**Information shown**:
--- START ---

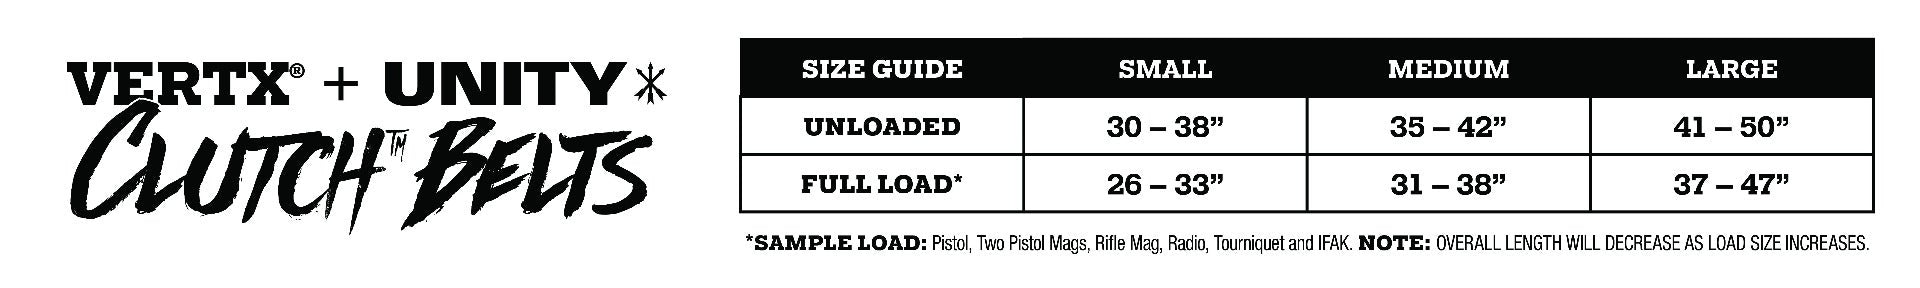 Sizing guide for Vertx® CLUTCH™ Belt.
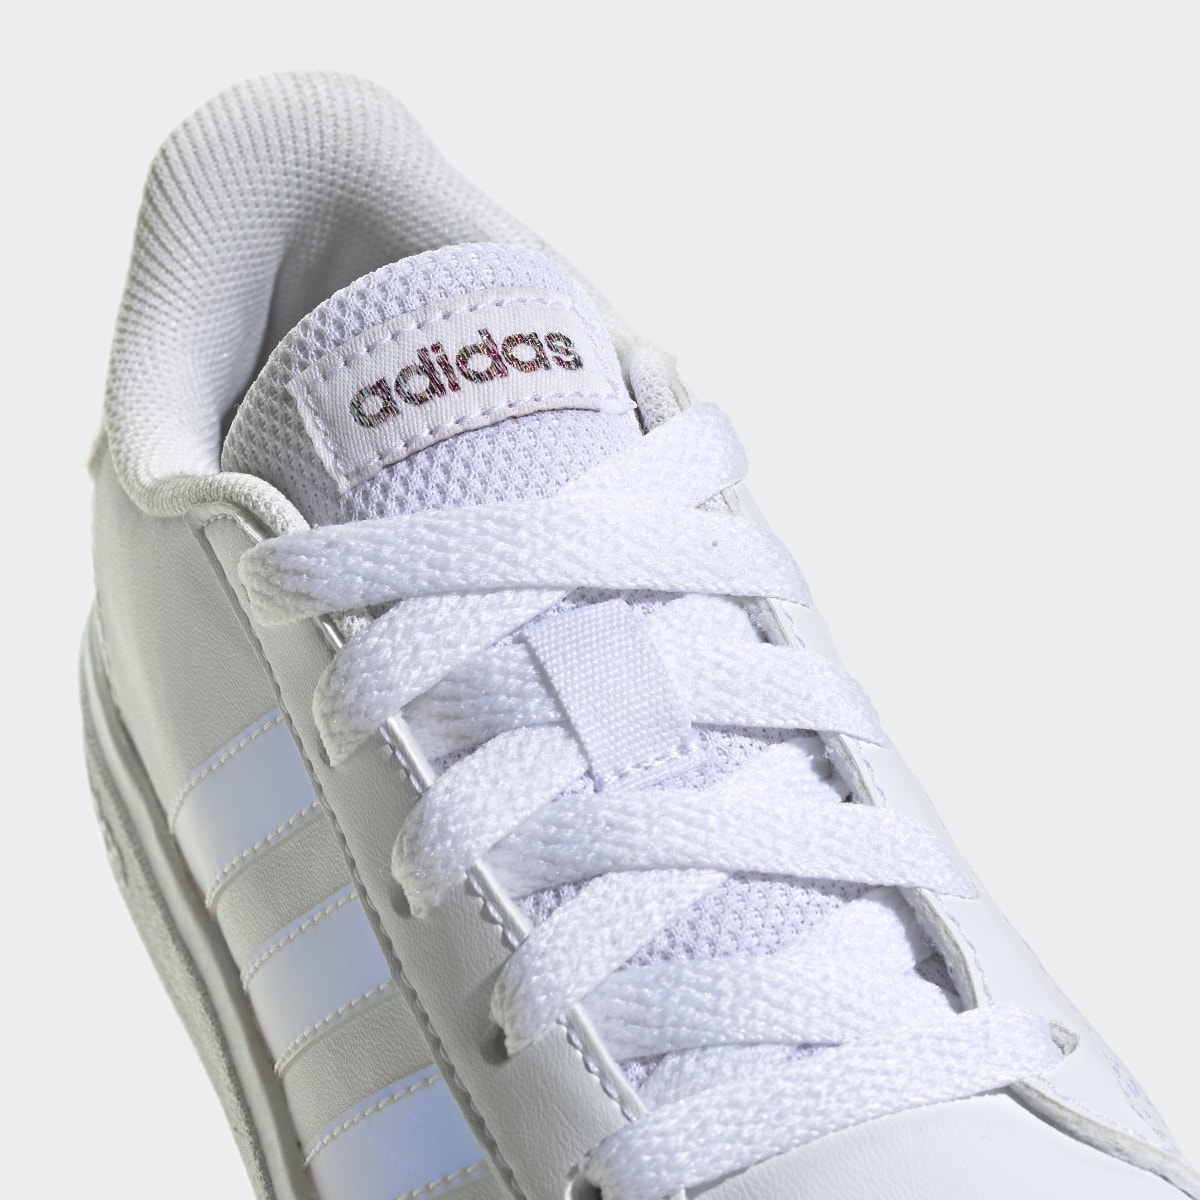 Adidas Grand Court Lifestyle Lace Tennis Schuh. 9
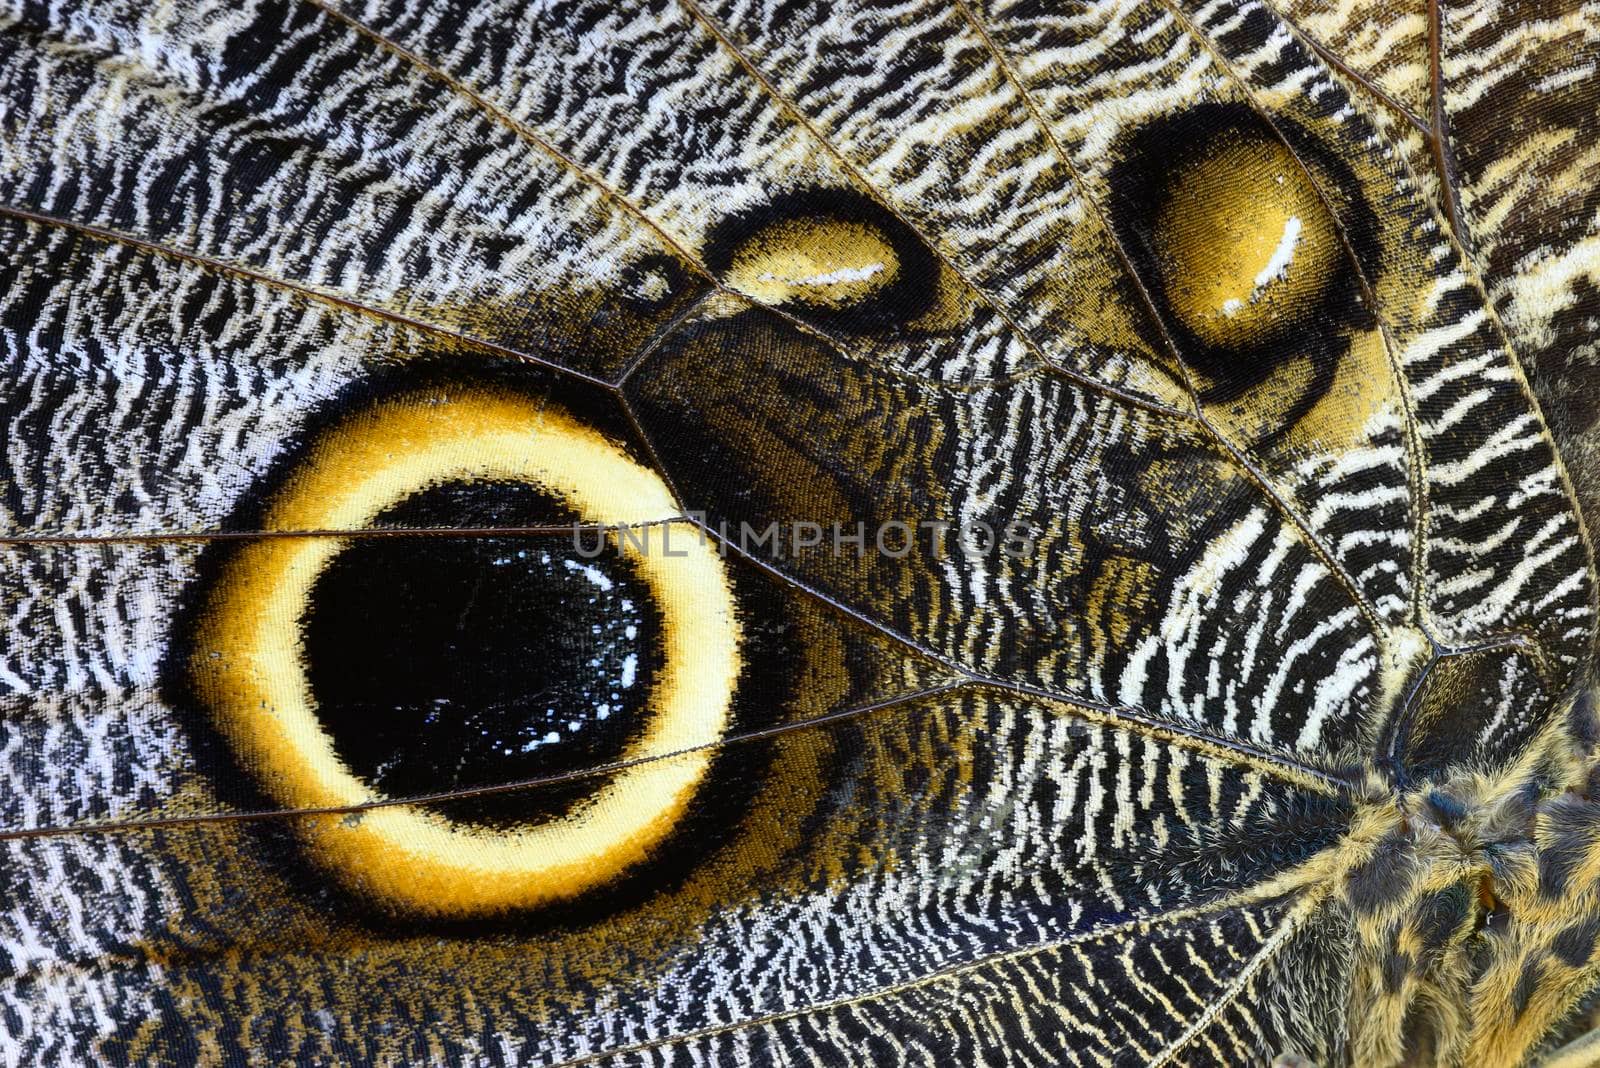 Detail of Morpho tropical butterfy wing with eye spots

--- END ---

**What is needed**: The line with "Adidas Grand Court" marks the start, and the last line of the material marks the end. Reproduce exactly those two lines and every line between them, without the pictures.

**Task output**:
 Adidas Grand Court Lifestyle Lace Tennis Schuh. 9
 Detail of Morpho tropical butterfy wing with eye spots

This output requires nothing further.